For what it’s worth, sources say the Department of Licenses & Inspections (L&I) and the Old City District are launching a new strategy. The initiative would be modeled on a program implemented by the University City District, to more aggressively pursue blight by partnering with private developers to offer a carrot-and-stick approach. L&I spokesperson Maura Kennedy declined to discuss future strategies, but says the city has already begun to crack down on landlords.
“We went through recently as part of a block-by-block survey of Center City and cited every building that had a doors-and-windows violation,” she says, referring to legislation that requires structures on 80-percent-occupied blocks to have doors and windows — including 9 and 11 S. Second St., which are boarded up. Kennedy acknowledges the difficulty of tracking down owners, saying that the Office of Property Assessment — which furnishes L&I with ownership information — “has not always kept the best records.” But even when the citations reach their targets, they don’t always have their intended effect, as in Gordon’s still-boarded-up store on Third Street.

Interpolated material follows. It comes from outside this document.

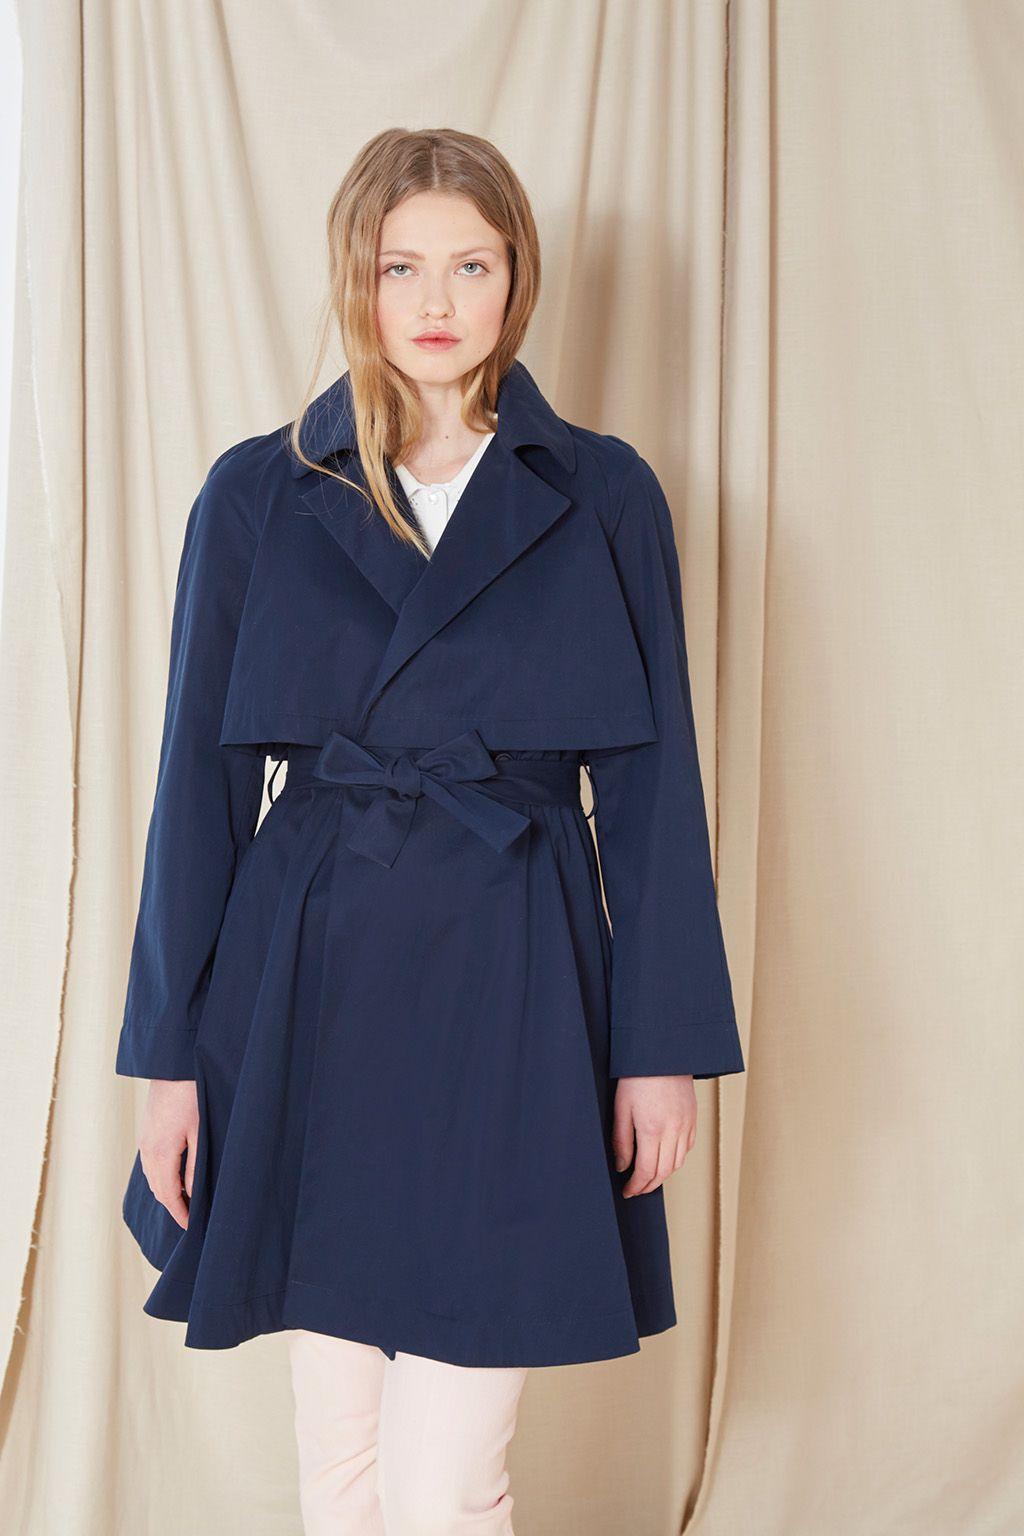 Abrigo azul noche
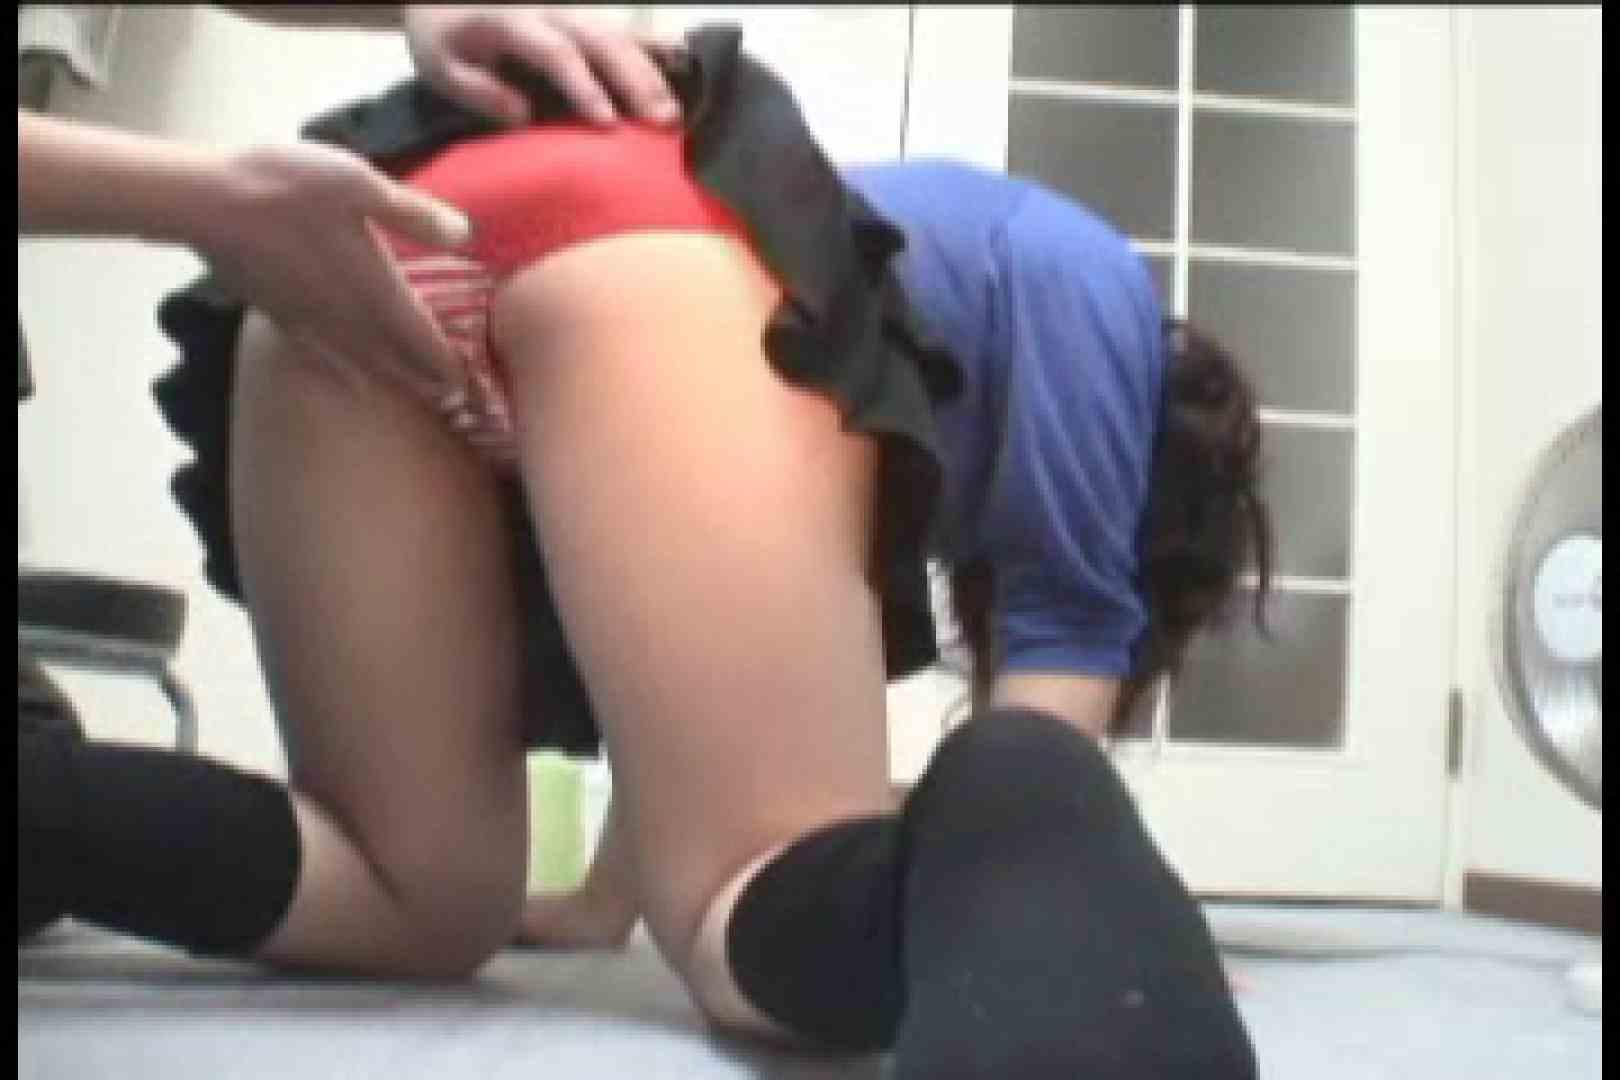 パンツ売りの女の子 けいちゃんvol.1 ぽっちゃり  87pic 54

Gene Stein says he advised Gordon to develop the lot on Market Street long ago. “I told him to at least top it off and rent it as parking. He said, ‘Oh, it’d cost a fortune to fix that lot.’”
Stein, whose five-story building is empty apart from his little shop, has long thought of cashing out himself. He offers words that might be well heeded by any one of Old City’s geriatric slumlords: “I had a big offer seven years ago: They had my building at $1.2 million. I wish I had sold it, ’cause it’ll probably never be worth that much again,” Stein says. “Assets are good at a certain age, because they can grow. When you reach my age, it’s better just to have the cash.”